Niestety nic nie wyszlo z mojego 10-dniowego detoksu...nie jestem w najlepszej frmie "duchowej". G. nie daje mi spokoju..od czasu do czasu pojawia sie, a to w formie maila a to wysle sms-a. Caly czas blaga, obiecuje, placze ze sie zmieni..w takich warunkach ciezko mi sie odchudzac...I wstyd mi przed Wami, ze obiecuje, i nie moge dotrzymac obietnicy.
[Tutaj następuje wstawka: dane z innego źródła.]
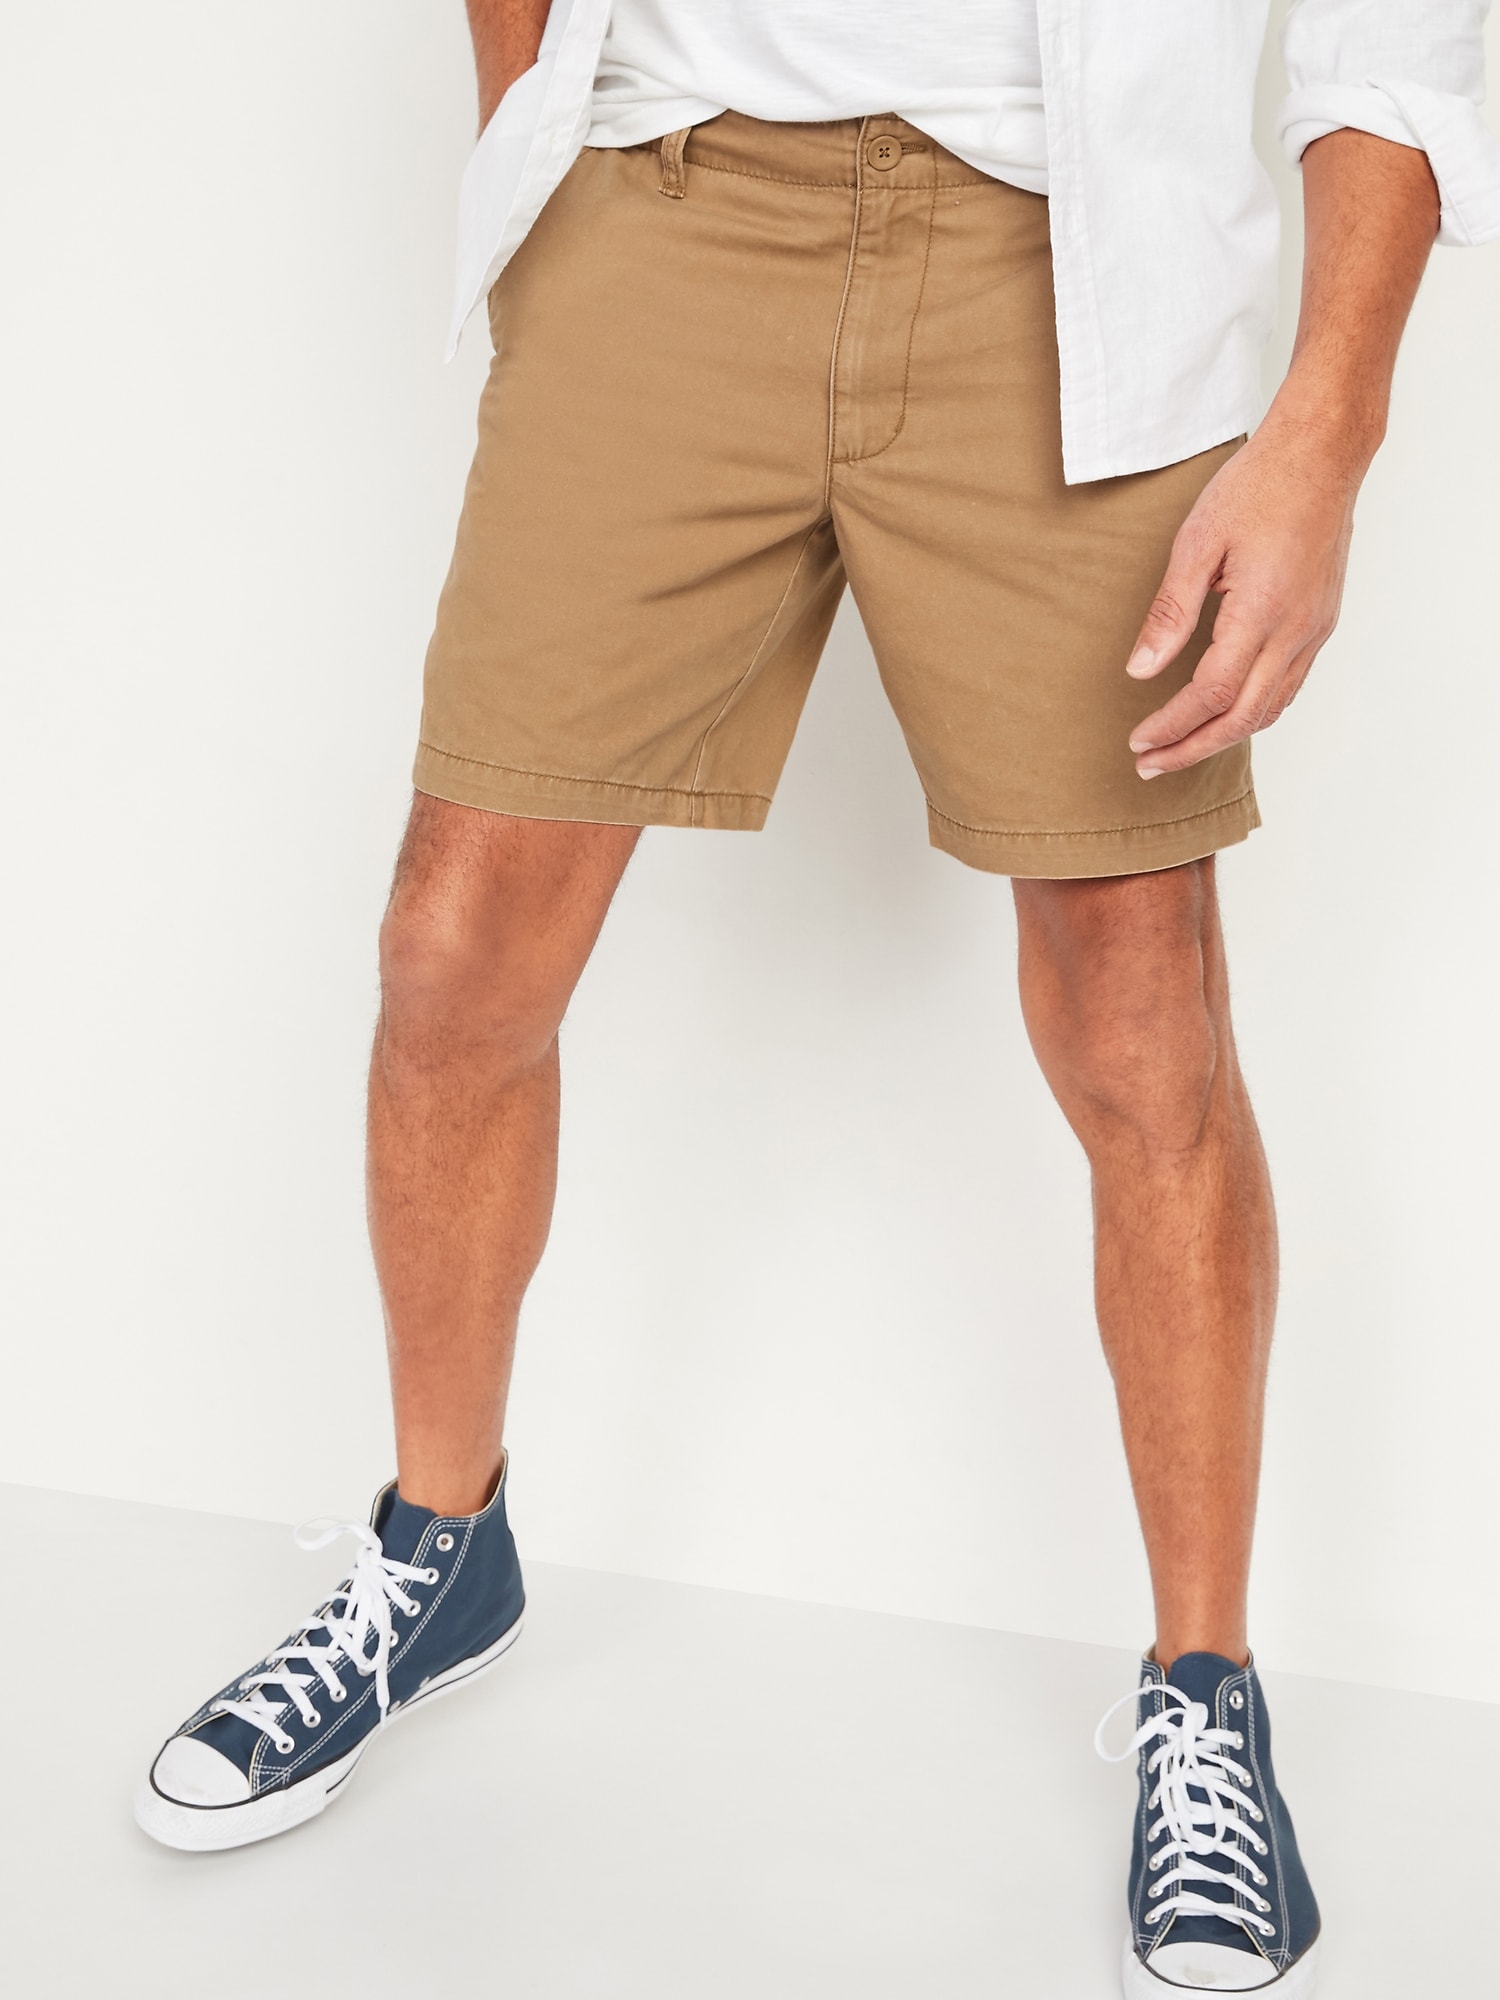 Straight Lived-In Khaki Non-Stretch Shorts for Men - 8-inch inseam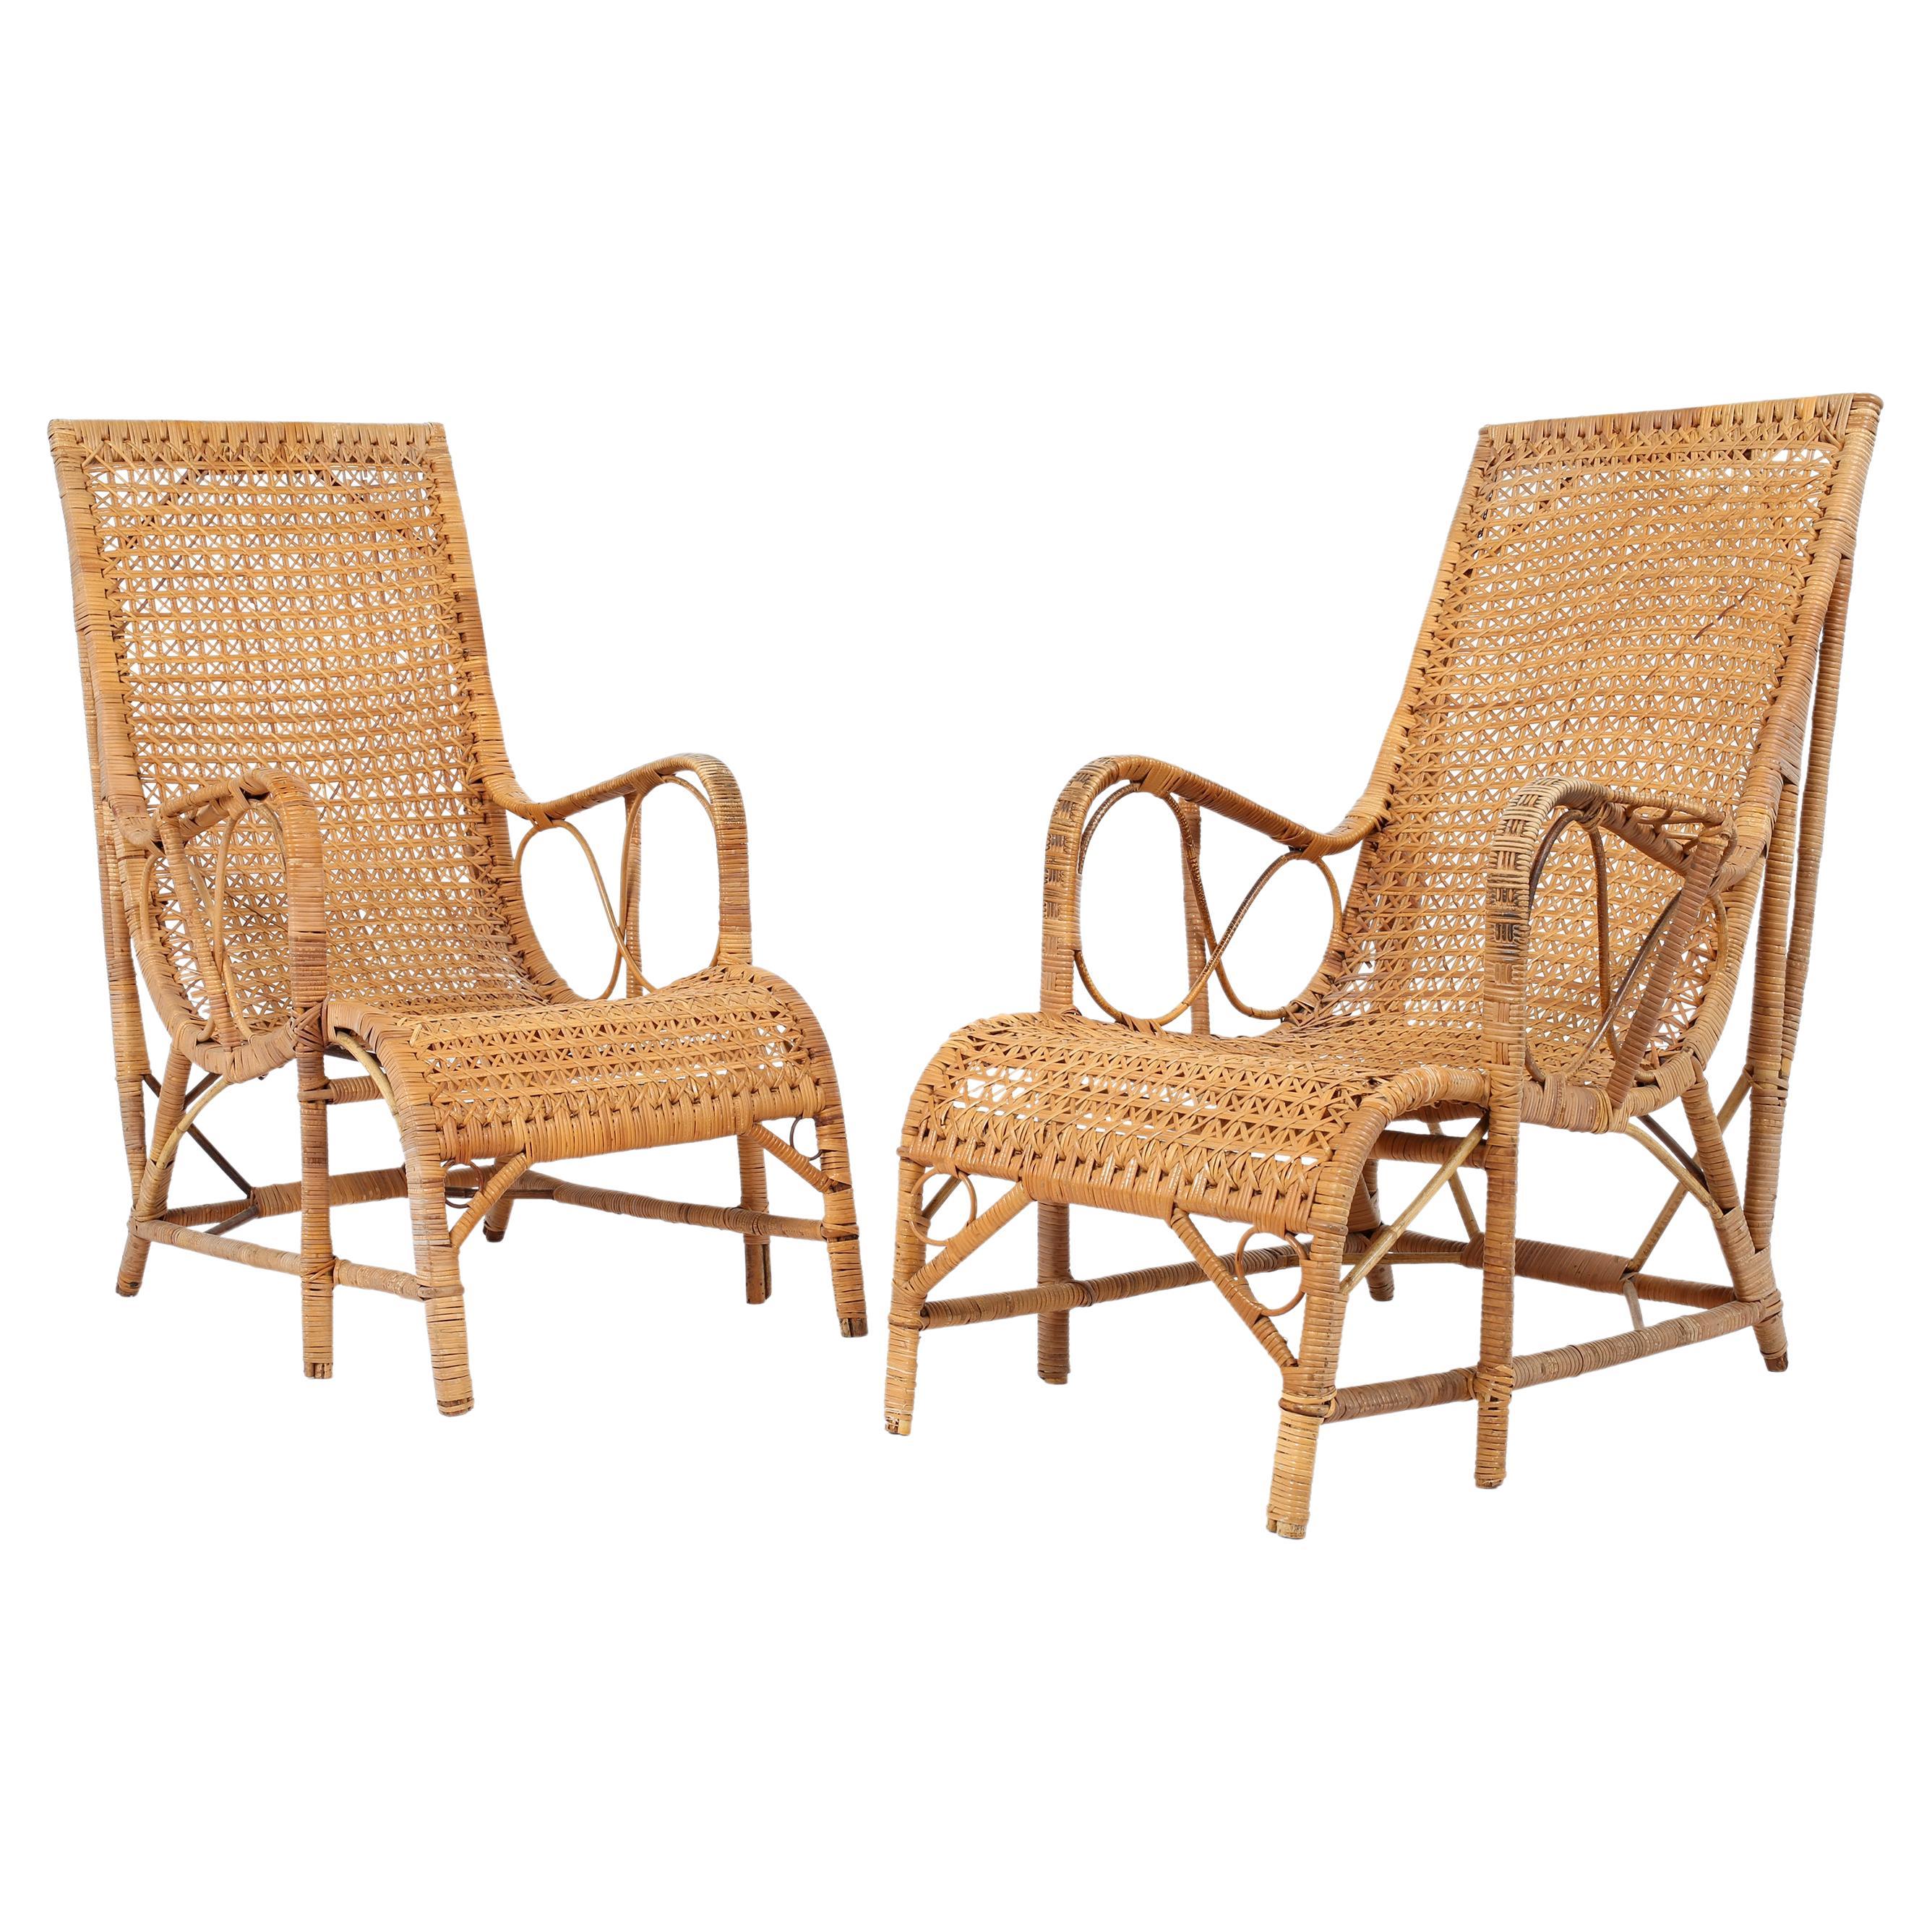 Pair of French 1940s Rattan Loungers

Juz nic nie bede obiecywac tylko "po fakcie" doniose, ze mi sie udalo...W sobote jade do Polski na tydzien..nastepne wyzwanie przeded mna, zeby sie nawpychac domowego jedzenia Mamci. Postaram sie tez (od dzisiaj jak sie uda) rzucic palenie..okropny nalog.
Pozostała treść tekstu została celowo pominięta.